20 decimal places is about 64 bits. One design for a 64x64->128 multiplier is
described in <http://www.patentstorm.us/patents/5912832/description.html> and
takes about 33k gates to achieve a propagation delay of about 200 gates. I'm
not sure what propagation delays are like on modern CPUs; let's suppose it's
20ps per gate, so that a modern-silicon multiplier can do a 4ns multiply in
33k gates. How much space should we think of that as taking up? Not just the
volume of the gates themselves; we need some volume for circuit boards,
cooling, power supply, etc., etc., etc. A small modern PC might be a litre in
volume and contains maybe the equivalent of 200M gates (CPU, memory, whatever
else).
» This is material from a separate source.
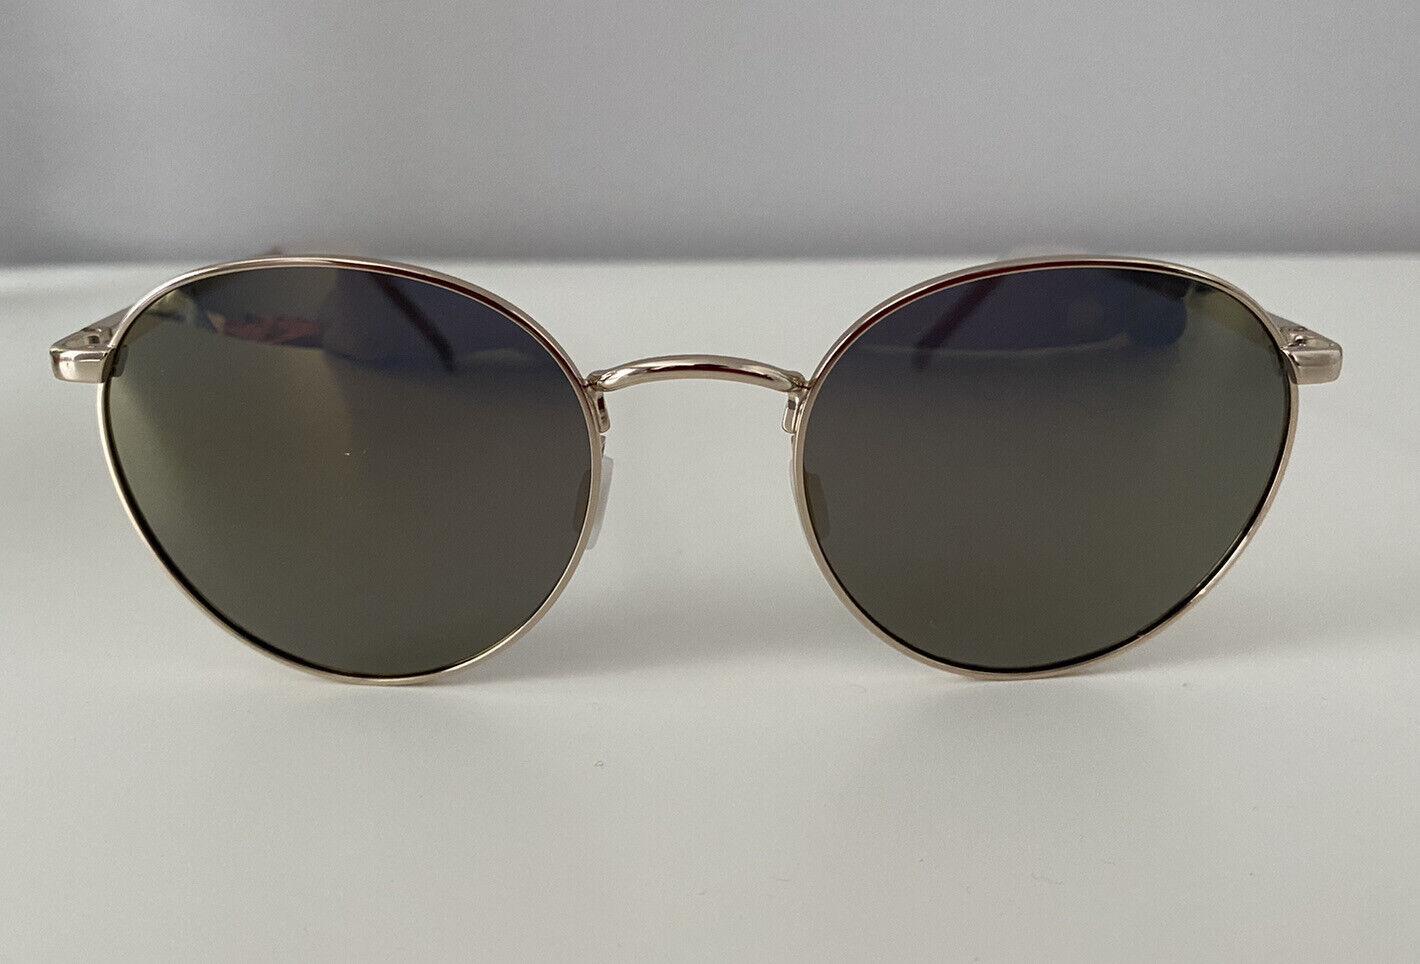 Eco By Modo Belize Gold Sunglasses

So 33k gates corresponds to maybe 1/600 of a litre. So, in volume per
unit power, modern technology beats Ludgate's version of the analytical engine
by maybe a factor of (230 x 6) / (1/600 x 4x10^-9) or about 2x10^14.

(Don't take this too seriously; there are a lot of very dubious assumptions in
the above.)

Now, let's say Google has 10^5 machines occupying 1 litre each. The equivalent
in analytical engines would be 2x10^19 litres, or 2x10^16m^3.

The radius of the earth is about 6.4 x 10^6 m, so its surface area is 4 pi r^2
~= 5x10^14 m^2. About 1/3 of this is land, so let's say 2x10^14 m^2. So we'd
need to cover the land area of the earth 100m deep in analytical engines.

Dubious assumptions or not, I think I agree with your guess.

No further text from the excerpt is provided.